Offered by Galerie Gabrielle Laroche
ORIGIN : ITALY, VENICE
PERIOD : 17th CENTURY
Height : 53 cm
Length : 50 cm
Original iron suspension hook.
From the Middle-Ages to the twentieth century, streets of Europe were punctuated by the merchants’ calls and by their shop signs hanging over the road for the strollers to look at. Those signs were made from wood or metal and presented a great variety of forms evoking the shop’s name or the merchant’s trade in a literal or humorous way. This system of physical occupation of the urban visual space allowed shops to mark the passerbys, to win customers and to assert their reputation. The leverage of these shop signs was such that nowadays some streets bear a name evoking a shop sign long gone.
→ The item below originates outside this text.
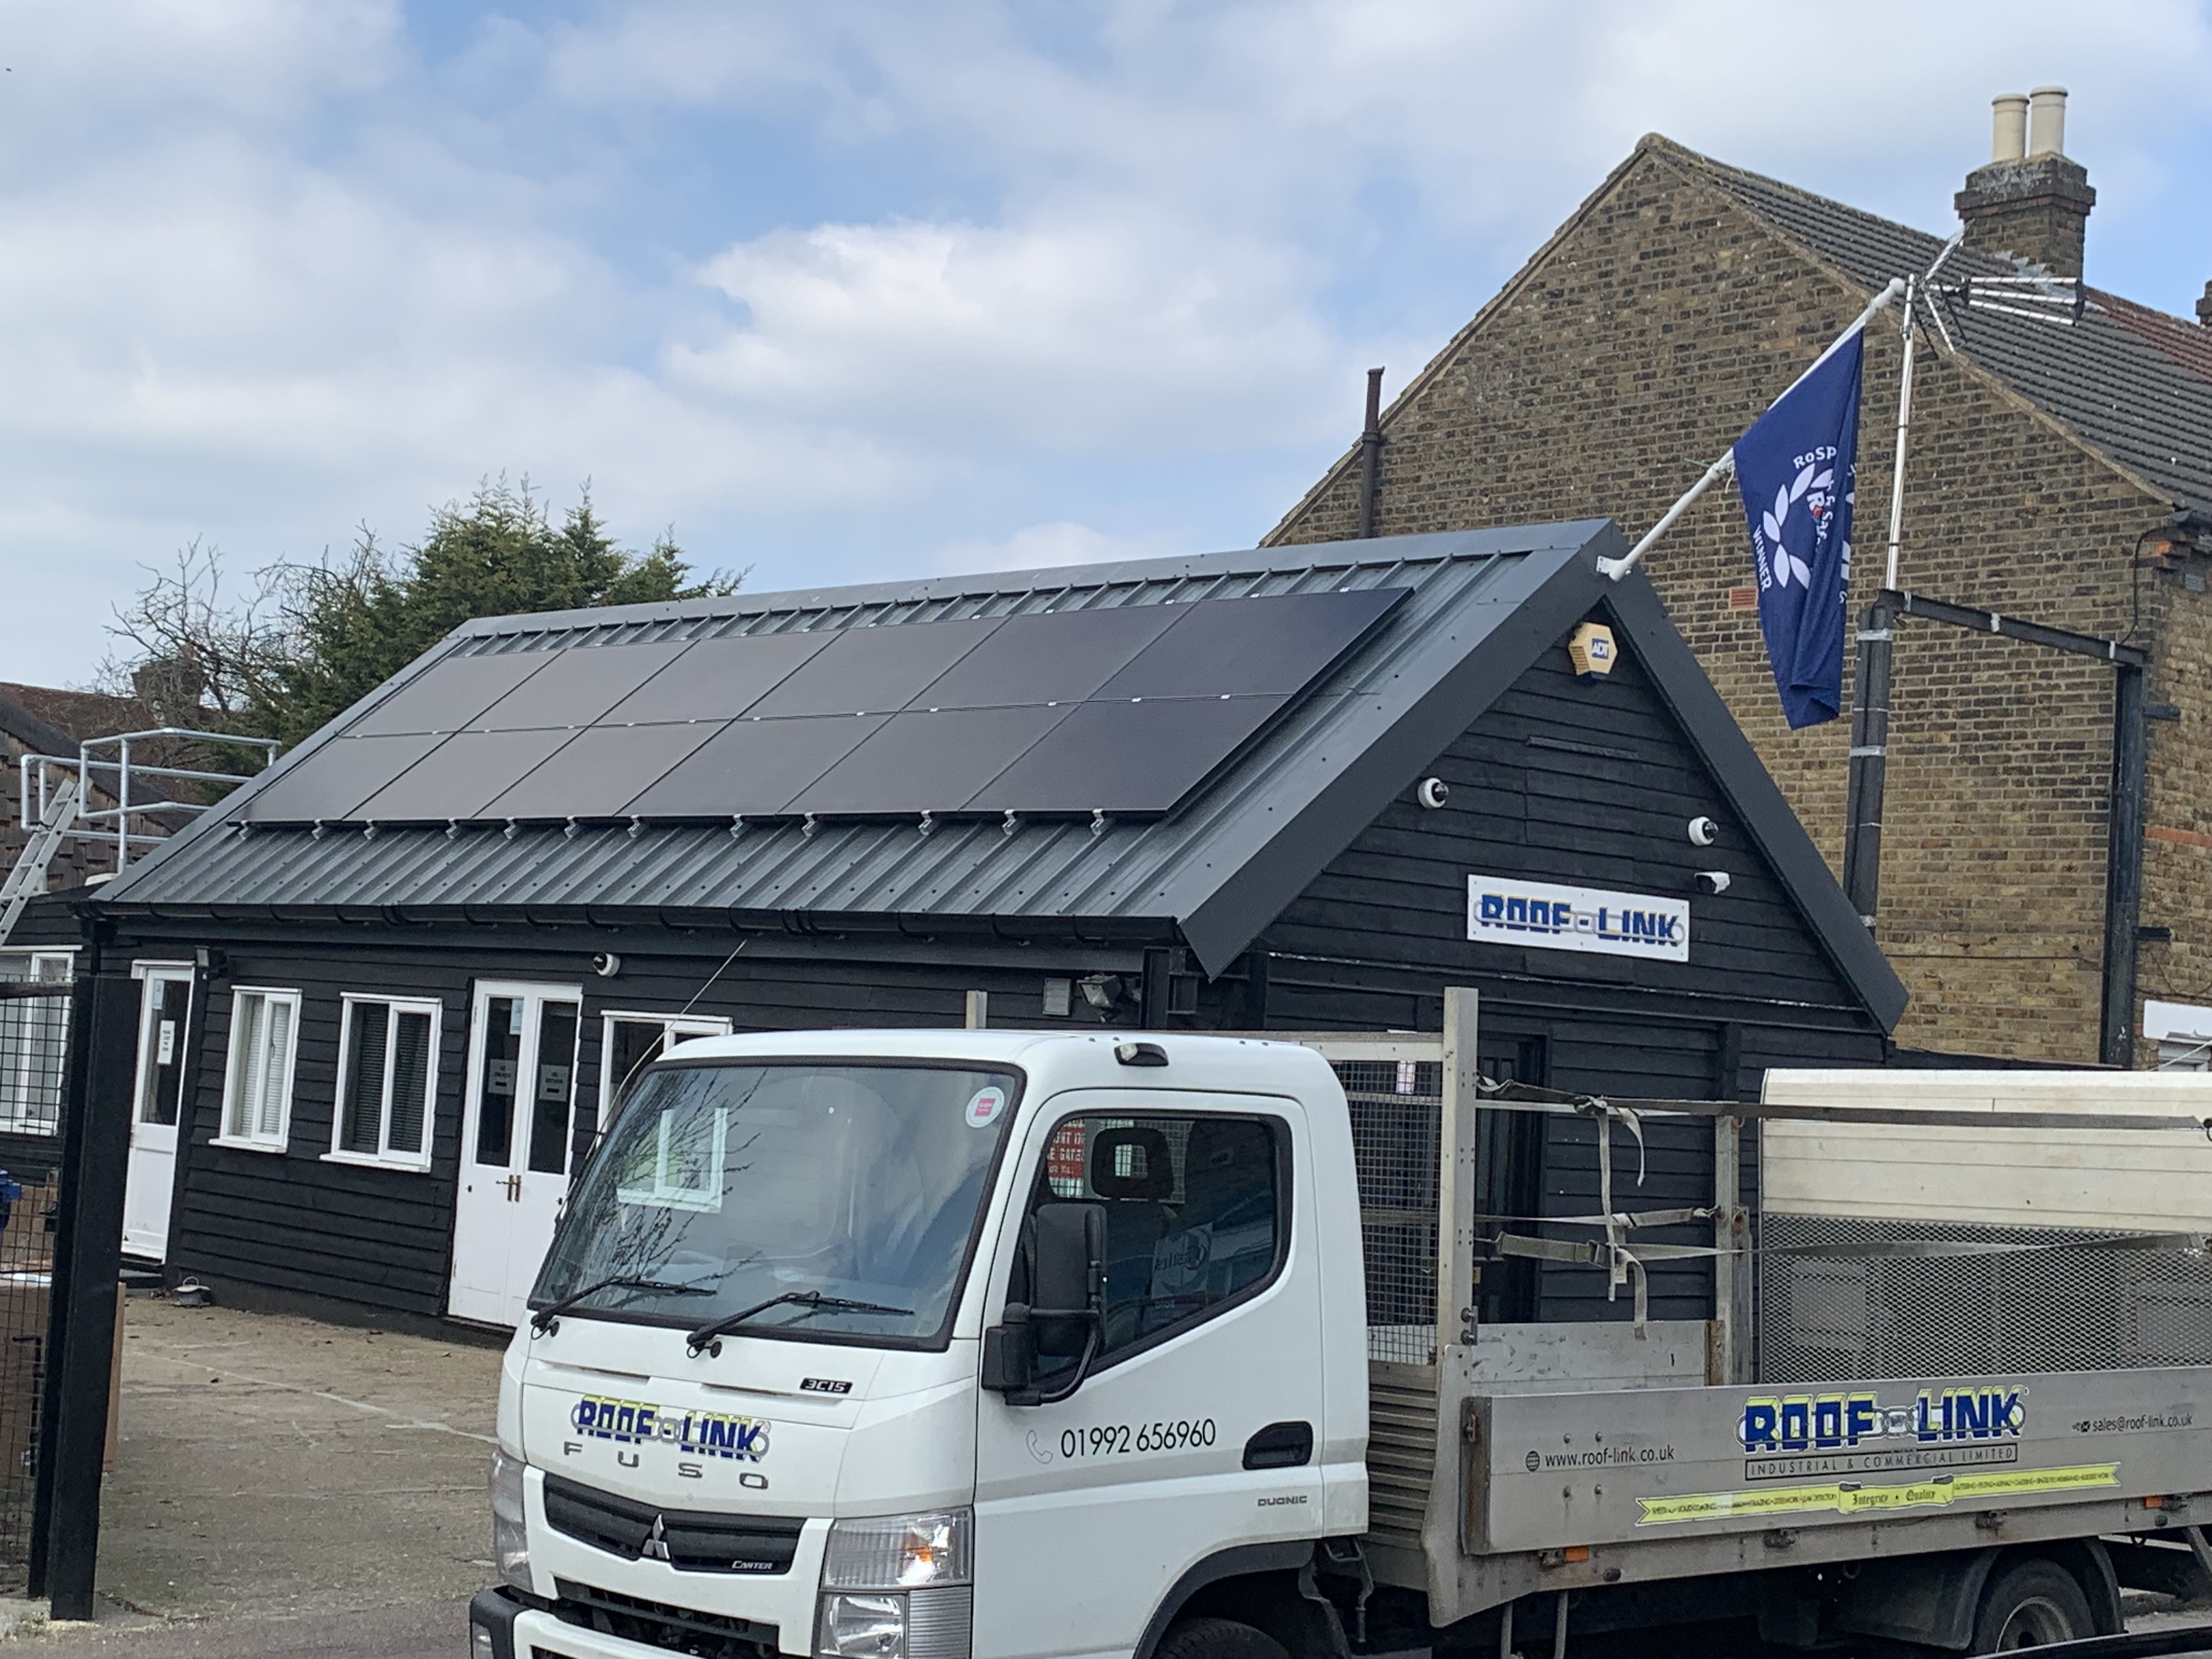 Solar Panels/Tesla Powerwall/Air Source Heat Pump     Roof Link

Our pair of shop signs depict the bust of a black man. It reminds us that from the 16th century onward trade between Europe and Africa intensified remarkably. The subject of the African man was already present in Middle Ages’ art but during the 16th and 17th century it regained a new favour stretching from painting and sculpture to literature (Shakespeare’s Othello in 1604). However, black persons are not only seen through works of art they could also live in town. Servants coming from Africa were a potent expression of the means of the employer’s family. Soon the African man embodies a whole thriving economic system. He evokes products and goods coming from remote places – Africa, Asia, America – rare and expensive.
With the colonisation expanding and the slavery growing black persons are depicted in an exagerated way. Faces with grotesque features – such as our bust’s wide nose and thick lips – expresses booming racialists and rascists theories. The sailor’s outfit refers for its part to the maritime dimension of the trade between the two continents. Undoubtedly our shop signs were located on an upscale shop’s front. Perhaps this boutique sold foreign luxury goods such as coffee, chocolate or fabrics, perfectly personified by those two overseas ambassadors.
Beside their striking plastic quality and their vivid polychromy those two busts of Moors are also a precious testimony of a society especially fond of distant land’s evocations.